Open brendangregg opened 9 years ago
accessing 'current' like this is the problem. One really ugly hack would be to cat /proc/kallsyms |grep current_task and bpf_probe_read that binary address to get 'current', but it's too ugly... may be easier to remember fd->name association in bpf program attached to sys_open, then fstat can read it from the map ? I guess we need a helper for current anyway.
David Smith has put some work into this problem for SystemTap: https://sourceware.org/bugzilla/show_bug.cgi?id=17920
it's pretty much doing current->files->fdt[fd]->f_path.dentry->d_iname with few useless spin_locks and refcnts. Few helper functions for pieces of this sequence could have been used to avoid exposing current() as a single helper, but current may be necessary for other cases, so yes, bpf_get_current() is pretty high on my todo list. Just need to get big ticket items resolved first.
though bpf_get_current_task() is now available, fd to pathname may be too complicated to do via probe_reads? Do we still need a separate helper for it ?
Yes, I tried using bpf_get_current_task() but it gets pretty horrible. I got as far as this and it still wasn't working (no file output; not populated on entry to stat()?):
#!/usr/bin/env python
from bcc import BPF
# define BPF program
prog = """
#include <uapi/linux/ptrace.h>
#include <linux/sched.h>
#include <linux/fdtable.h>
int kprobe__vfs_fstat(struct pt_regs *ctx, unsigned int fd)
{
struct files_struct *files = NULL;
struct fdtable *fdt = NULL;
struct file *f = NULL;
struct dentry *de = NULL;
struct qstr dn = {};
struct task_struct *curr = (struct task_struct *)bpf_get_current_task();
bpf_probe_read(&files, sizeof(files), &curr->files);
bpf_probe_read(&fdt, sizeof(fdt), &files->fdt);
bpf_probe_read(&f, sizeof(f), &fdt[fd]);
bpf_probe_read(&de, sizeof(de), &f->f_path.dentry);
bpf_probe_read(&dn, sizeof(dn), &de->d_name);
bpf_trace_printk("fstat fd=%d file=%s\\n", fd, dn.name);
return 0;
}
"""
# load BPF program
b = BPF(text=prog)
# header
print("%-18s %-16s %-6s %s" % ("TIME(s)", "COMM", "PID", "MESSAGE"))
# format output
while 1:
try:
(task, pid, cpu, flags, ts, msg) = b.trace_fields()
except ValueError:
continue
print("%-18.9f %-16s %-6d %s" % (ts, task, pid, msg))

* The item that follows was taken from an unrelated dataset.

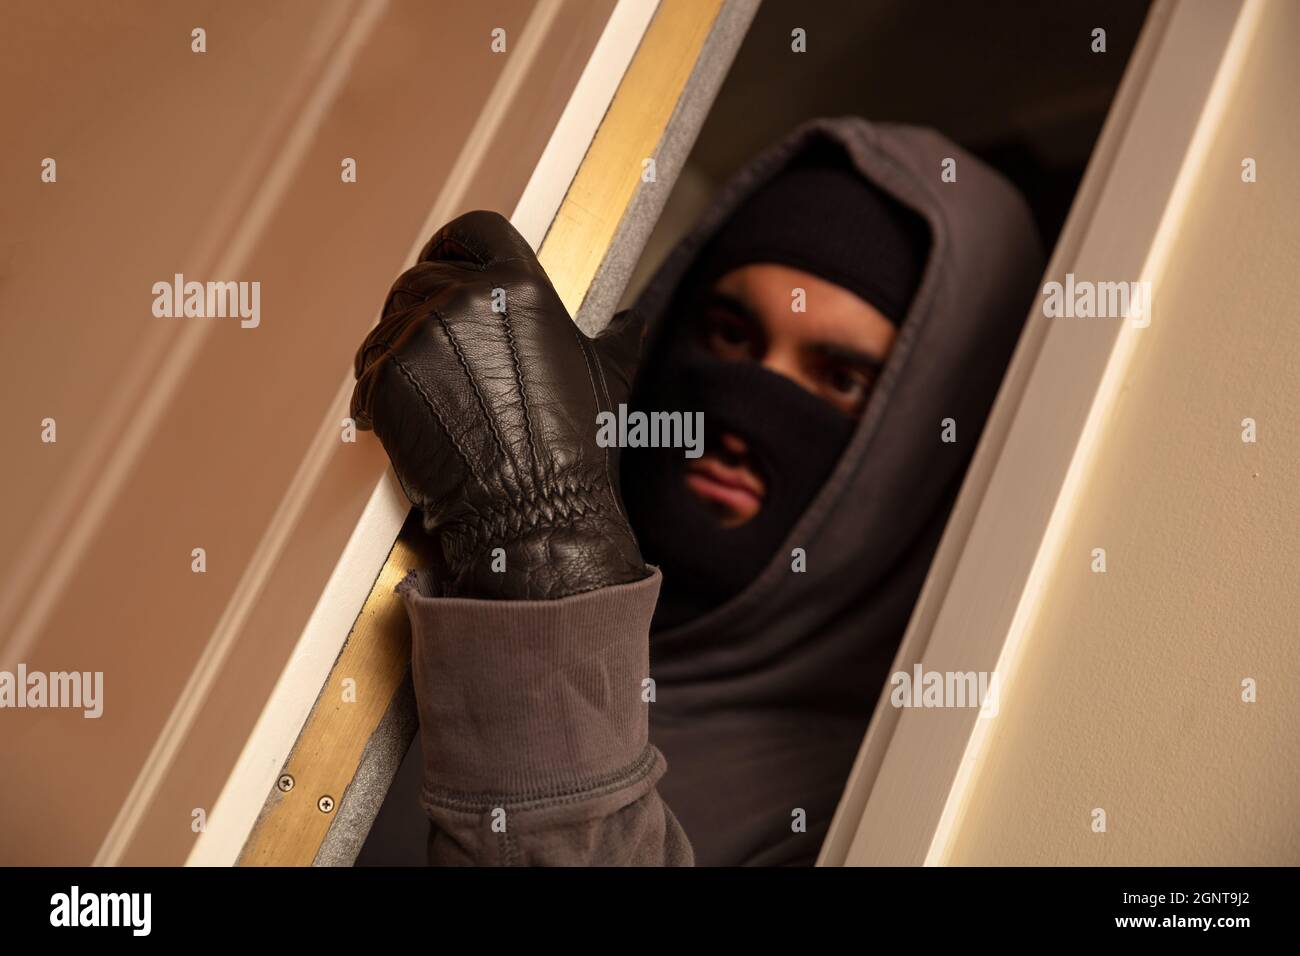 Housebreaking, burglary concetto. Mascherato burglar in balaclava nera aprendo la porta, entrando illegalmente la casa Foto Stock

If we can make it work, then at least we can see what the current state is...
managed to make it work:
bpf_probe_read(&f, sizeof(f), &fdt[fd]);
should be
struct file **_fd = NULL;
...
bpf_probe_read(&_fd, sizeof(_fd), &fdt->fd);
bpf_probe_read(&f, sizeof(f), &_fd[fd]);
...
bpf_trace_printk("fstat name1=%s\\n", de->d_iname);
bpf_trace_printk("fstat name2=%s\\n", dn.name);
tried few tests... looks like both short and full name are populated, so dn.name is probably good enough always.
Awesome, thanks! So I'm starting to believe that d_iname isn't reliable:
7538432.717158000 lsb_release 15415 fstat fd=3 dn.name=dist-packages
7538432.717160000 lsb_release 15415 fstat fd=3 de->d_iname=dist-packages
7538432.717340000 lsb_release 15415 fstat fd=3 dn.name=apport_python_hook.cpython-35.pyc
7538432.717342000 lsb_release 15415 fstat fd=3 de->d_iname=p"??????t
7538432.717354000 lsb_release 15415 fstat fd=3 dn.name=apport_python_hook.cpython-35.pyc
7538432.717356000 lsb_release 15415 fstat fd=3 de->d_iname=p"??????t
So I'm going to have to fix some of the exsting *slower tools to go use dn.name instead.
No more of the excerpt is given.